The Great Connections Seminar
Discussing ethics

Wednesday, February 17, 2010

Cultivating Failure

Passionate article about the latest crazed trend in California - chef Alice Waters' movement to make kids work in school gardens because "Gardens help students to learn the pleasure of physical work."

The article's point: these are largely immigrant and poor students who desperately need the knowledge and skills that will enable them to get better jobs than their parents. The author thinks they shouldn't be spending so much time doing physical labor - like their parents.

I couldn't agree more with the point, and I find Waters' Progressive approach is out of touch with their needs. It's too bad she didn't institute these gardens in schools - mostly populated by upper middle class students - where the parents are too busy to let their children play outside and learn about nature. Working in a garden, especially with a knowledgeable teacher to guide them, is one of the best ways to learn about biology and botany. Hands-on science, filled with the essential of science: first-hand observation.

First-hand observation and its attendant skills are sorely needed by most students these days, whether they go to an inner city public school or a upper class private school.


And, if these urban garden programs organized the work around science, as we do in Montessori classrooms, the immigrant and poor students would flourish. I'm not sure if the author realizes that many immigrant and poor students, once in the city, get little experience of nature.

Hattip to Aleks Kulczuga

Thursday, February 11, 2010

Homeschooling a Crime in Europe

I almost flipped reading this article in the Economist about a German family that needed asylum in the U.S....because they were homeschooling! The implications are mind-boggling.

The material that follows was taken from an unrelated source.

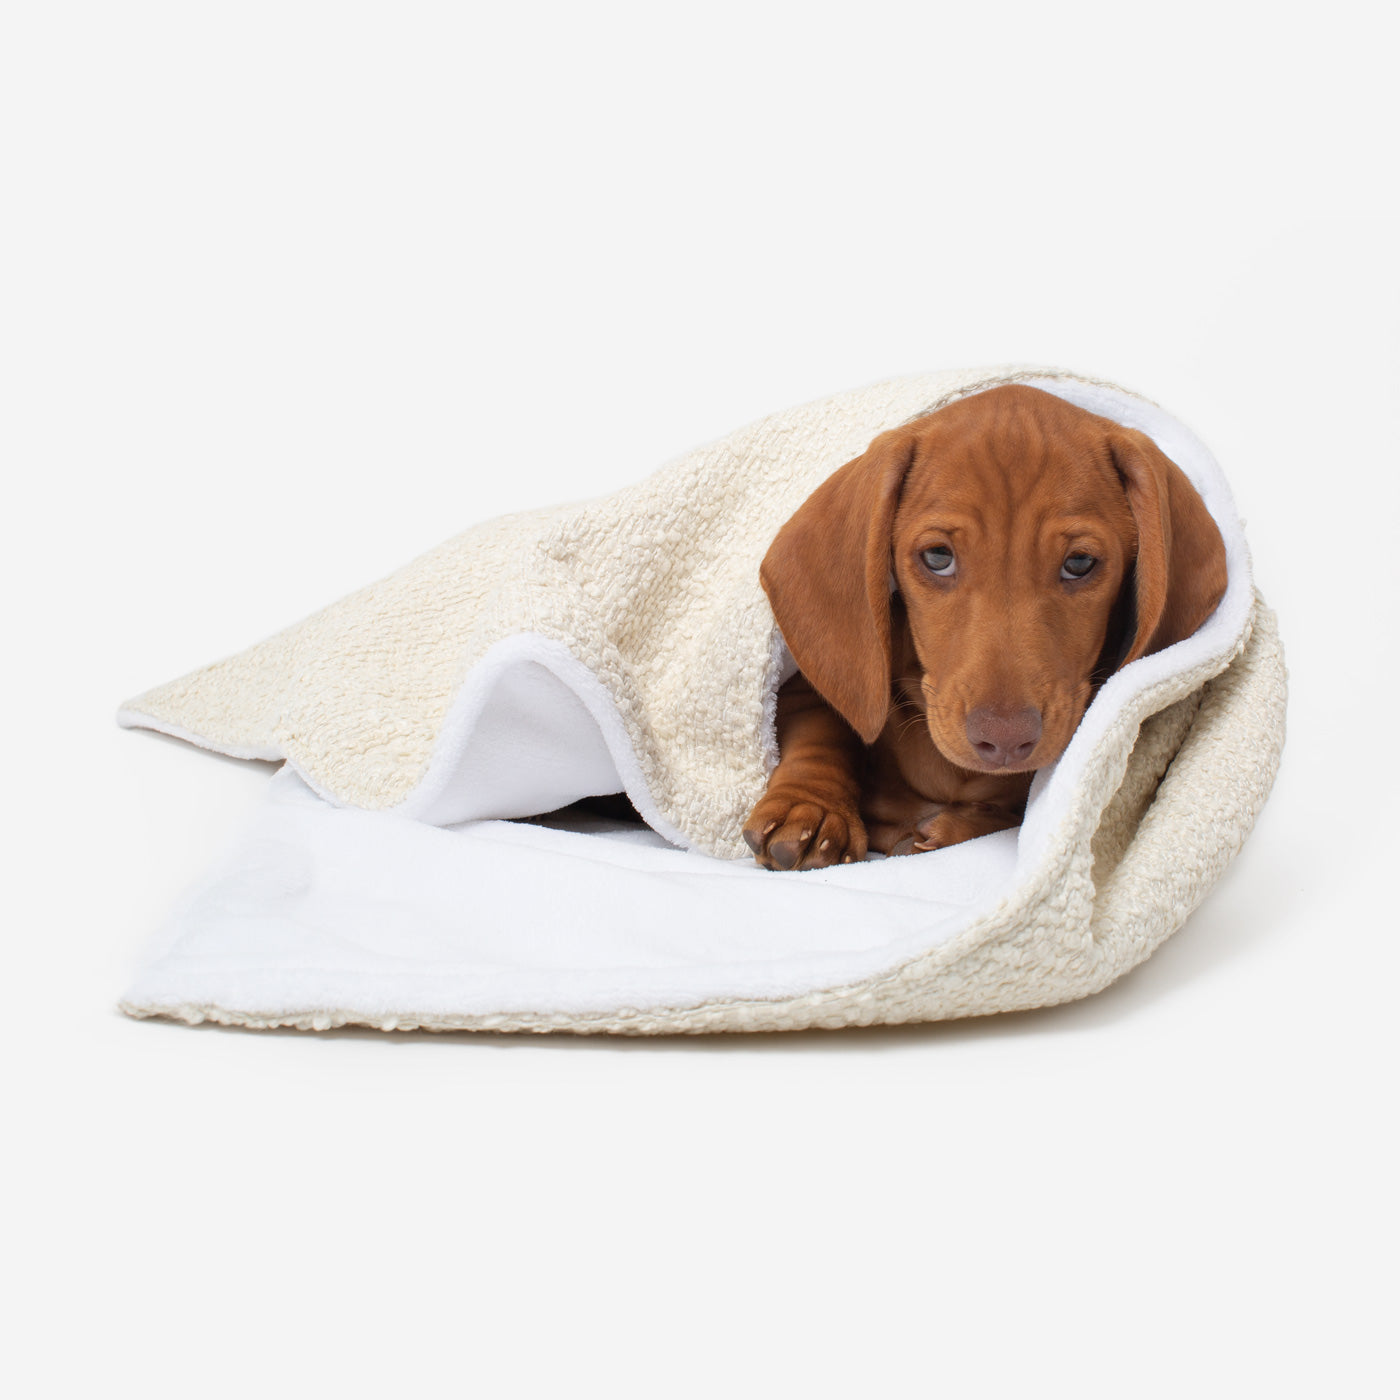 Discover Our Luxurious Dog Blanket In Luxury Ivory Bouclé Super Soft Sherpa & Teddy Fleece Lining, The Perfect Blanket For Puppies, Available To Personalize And In 2 Sizes Here at Lords & Labradors US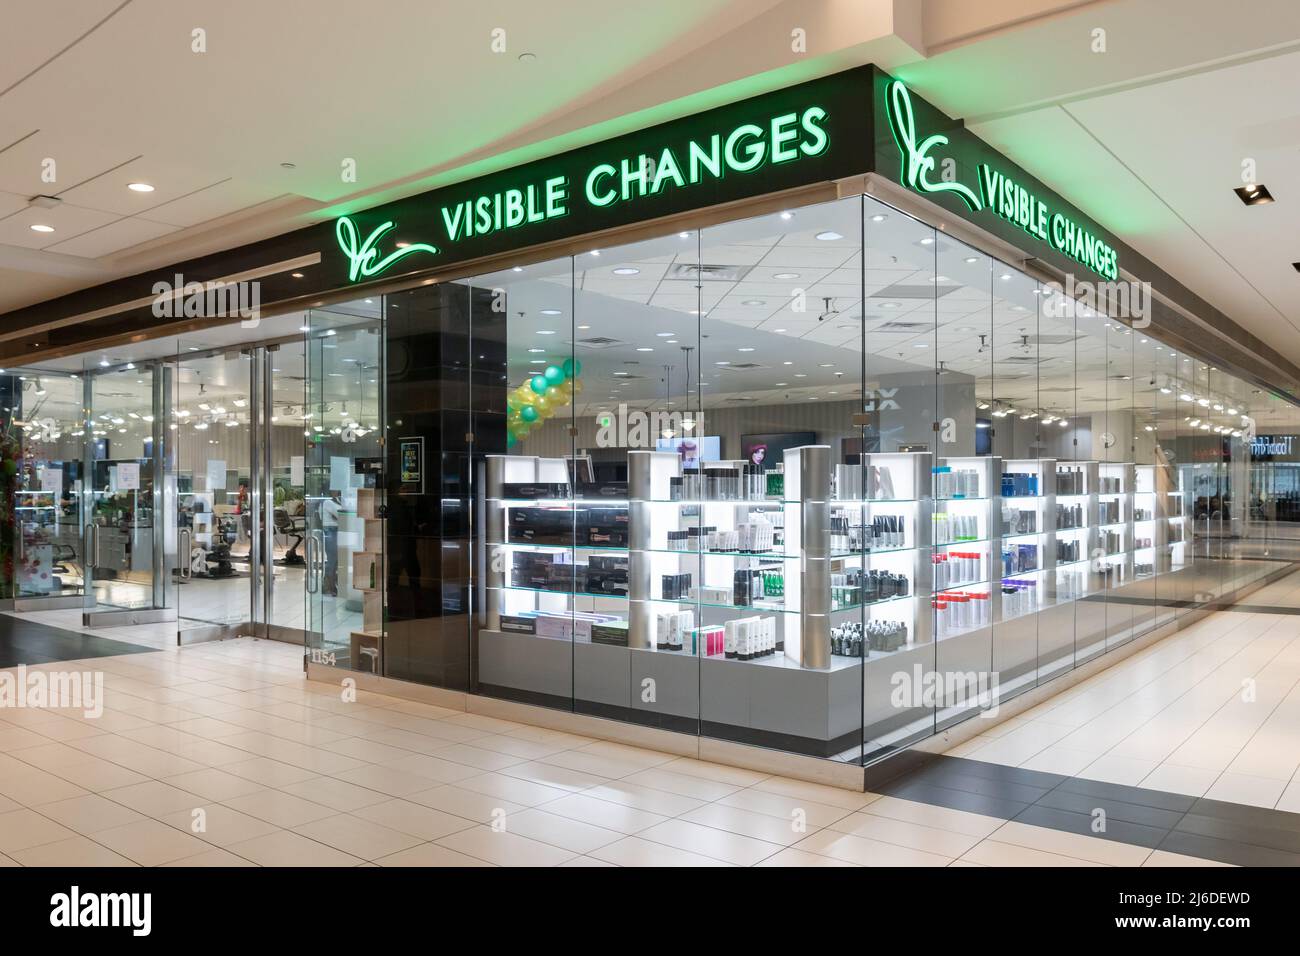 Houston, Texas, USA - February 25, 2022: A Visible Changes salon in a shopping mall. Stock Photo

Thursday, February 4, 2010

The American Founders' Study of History

"The founders’ immersion in ancient history had a profound effect upon their style of thought. They developed from the classics a suspicious cast of mind. They learned from the Greeks and Romans to fear conspiracies against liberty. Steeped in a literature whose perpetual theme was the steady encroachment of tyranny on liberty, the founders became virtually obsessed with spotting its approach, so that they might avoid the fate of their classical heroes. It has been said of the American Revolution that never was there a revolution with so little cause. Whatever his faults, George III was hardly Caligula or Nero; however illegitimate, the moderate British taxes were hardly equivalent to the mass executions of the emperors. But since the founders believed that the central lesson of the classics was that every illegitimate power, however small, ended in slavery, they were determined to resist every such power. Even legitimate authority should be exercised
sparingly, lest it grow into illegitimate powers. (pp. 118-19) Prof. Carl Richard, The Founders and the Classics: Greece, Rome, and the American Enlightenment


http://www.amazon.com/Founders-Classics-Greece-American-Enlightenment/dp/0674314263

Quoted in:
http://hotair.com/archives/2010/01/31/whats-the-matter-with-you-americans/

(Hat tip John Enright)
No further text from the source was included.